Yes, you saw it right. You can try it yourself, and you would probably get the same experience. Now let’s see why this happens and how to fix it.
Why? Investigating Using Power BI Helper
If you have a large *.pbix file, you can investigate what are the columns and tables that causing the highest storage consumption, using Power BI Helper. You can download Power BI Helper for free from here. I opened the file above in Power BI Helper, and in the Modeling Advise tab, this is what I see:
As you can see in the above output, the Date field in the Date table is the biggest column in this dataset. taking 150MB runtime memory! This is considering that we have only three distinct values in the column! Seems a bit strange, isn’t? let’s dig into the reason more in deep.
Why? Default Date Dimension
I have previously written about the default date dimension in Power BI and the difference of that with a custom date dimension. For understanding the current behavior mentioned in this article, you need to know what is the default date dimension and how it works. I go through it very quickly;
Power BI creates a default date dimension for every single date field in your dataset. Values in that date table would be from the minimum date value in that field (column) to the maximum date value, with one row for each day. There is an option to disable the default date dimension if you want and create your own date dimension. However, having the default date dimension will make many of date calculations simpler and easier, and that is why many people are using it that way. Well, this was a very quick wrap of the article below (which you can read to get a more in-depth understanding of it);
There are a few parts of the previous paragraph that you need to read more carefully:
Power BI creates a default date dimension for every single date field in your dataset.

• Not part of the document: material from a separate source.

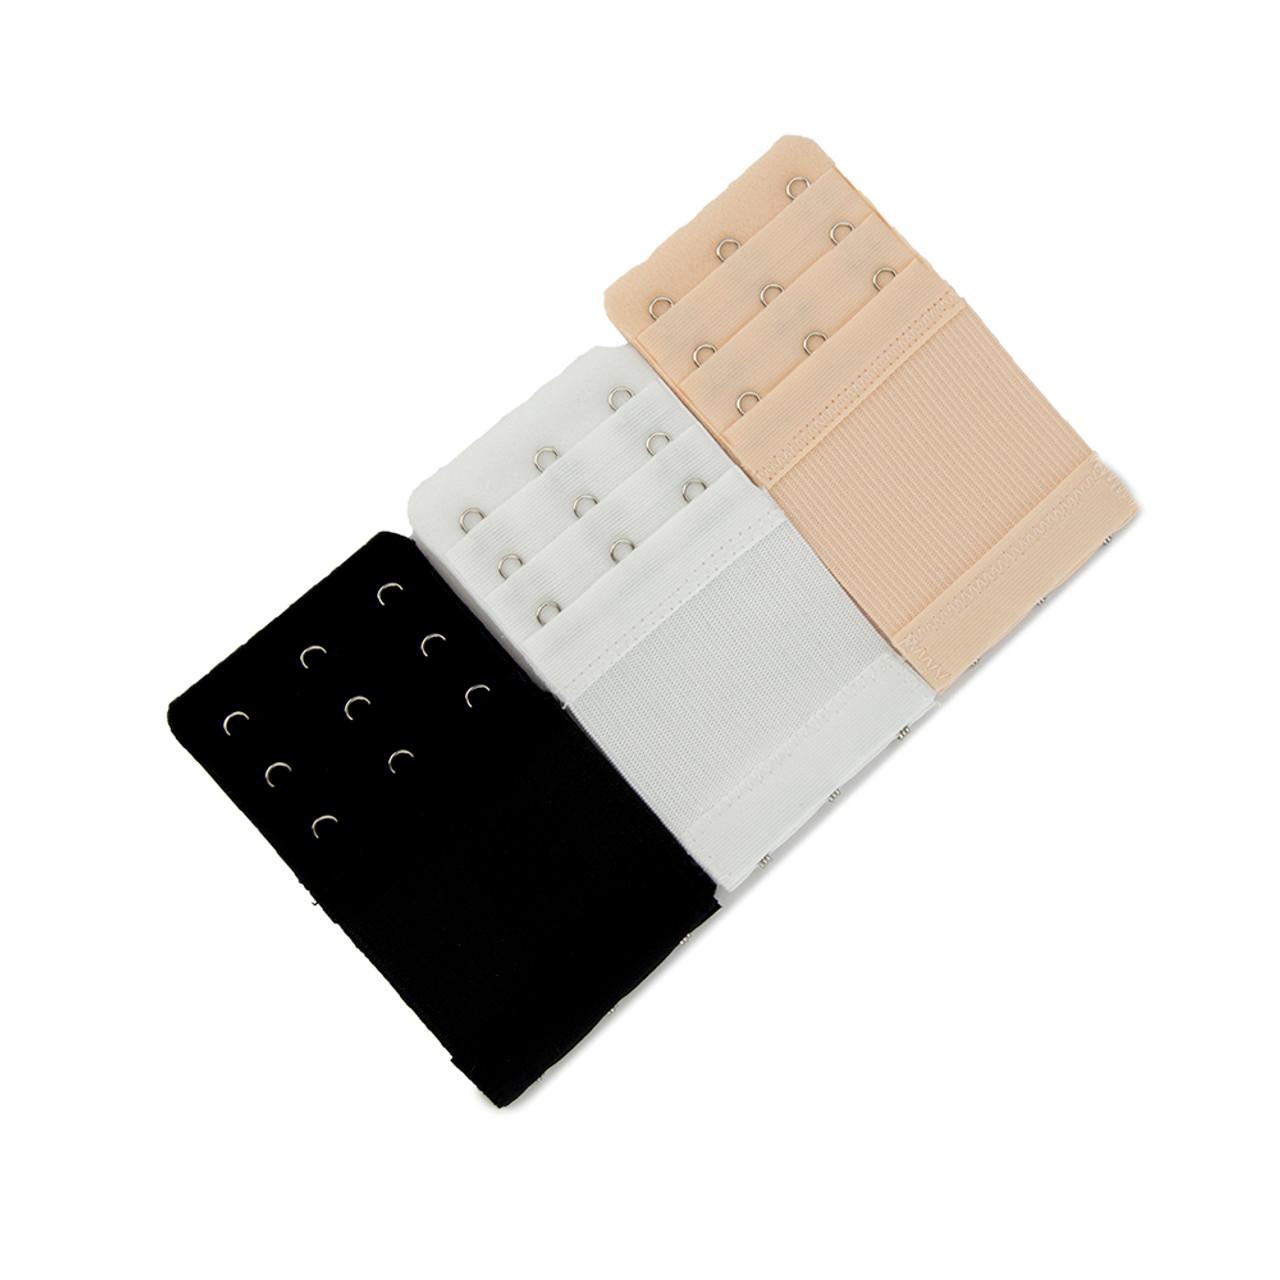 Comfort Bra Extender 4-Hook 9-pack 3 Black, 3 White, 3 Beige from MOMTL
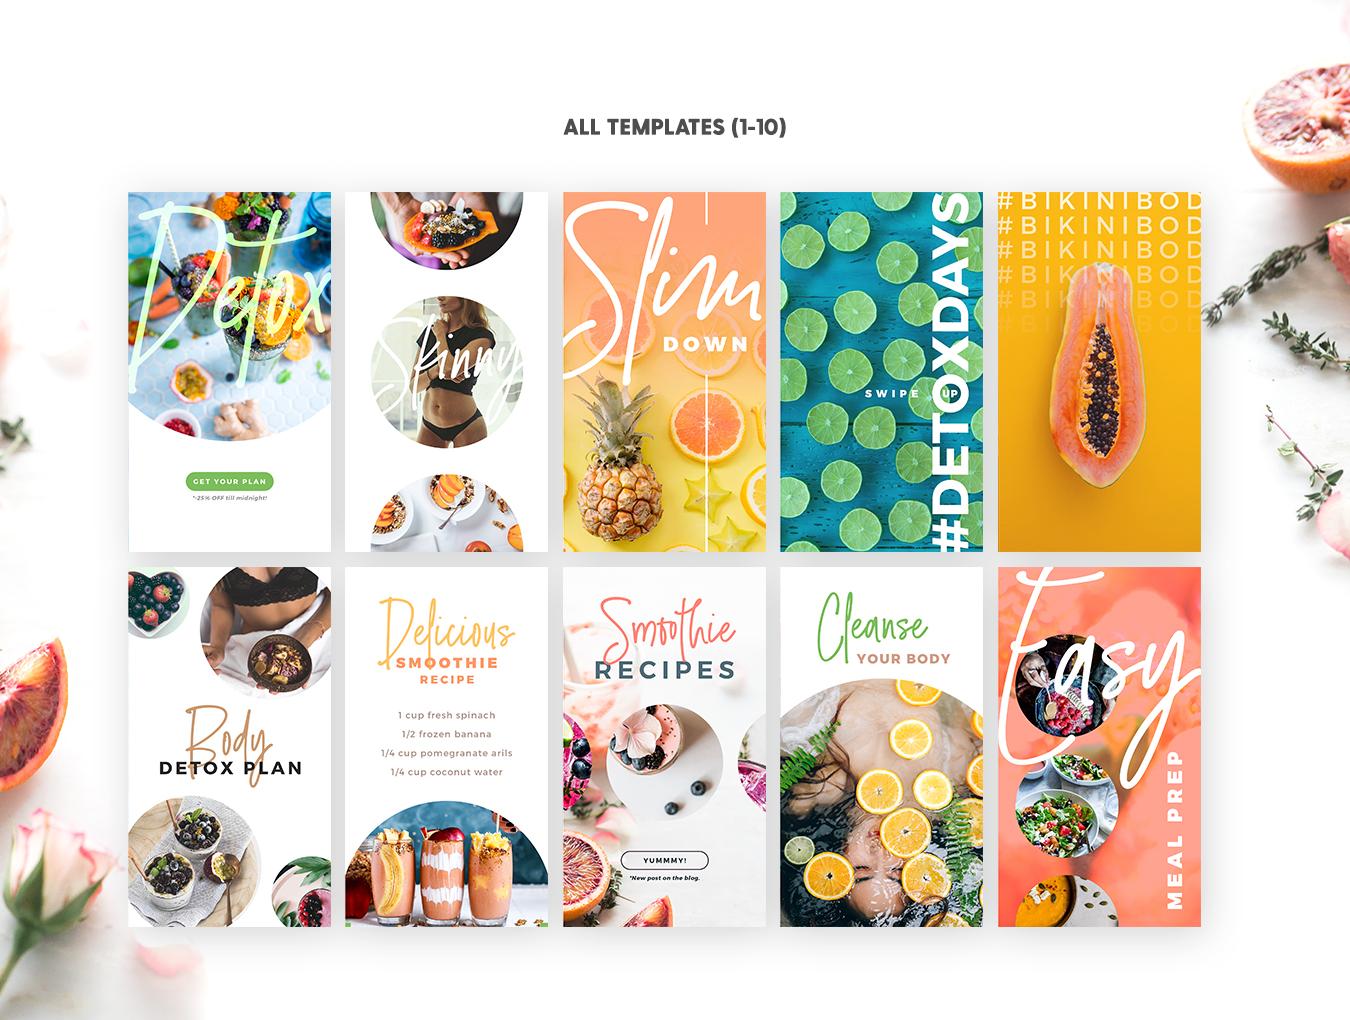 时尚饮食美食行业外卖APP UI设计 Detox Week Insta Stories

This now means that the Date field in our sample table, is not just a field, but it is a table. Which we call it the default date dimension table.
Values in that date table would be from the minimum date value in that field (column) to the maximum date value, with one row for each day.
The minimum value in that column is 1st of Jan 1990, and the maximum value is 31st of Dec 9999! Wow, the maximum value changes everything isn’t? This means that in the date dimension we will have all days (one day per row) from 1st of Jan 1990 to 31st of Dec 9999. That is about 8,009 years, which makes almost 3 Million rows in the default date table. The date column of that table, will have 3 million distinct values, and that is why we have such a big running memory for this column;
Now that you know why the file size is so big, let’s see how we can fix it with a simple solution.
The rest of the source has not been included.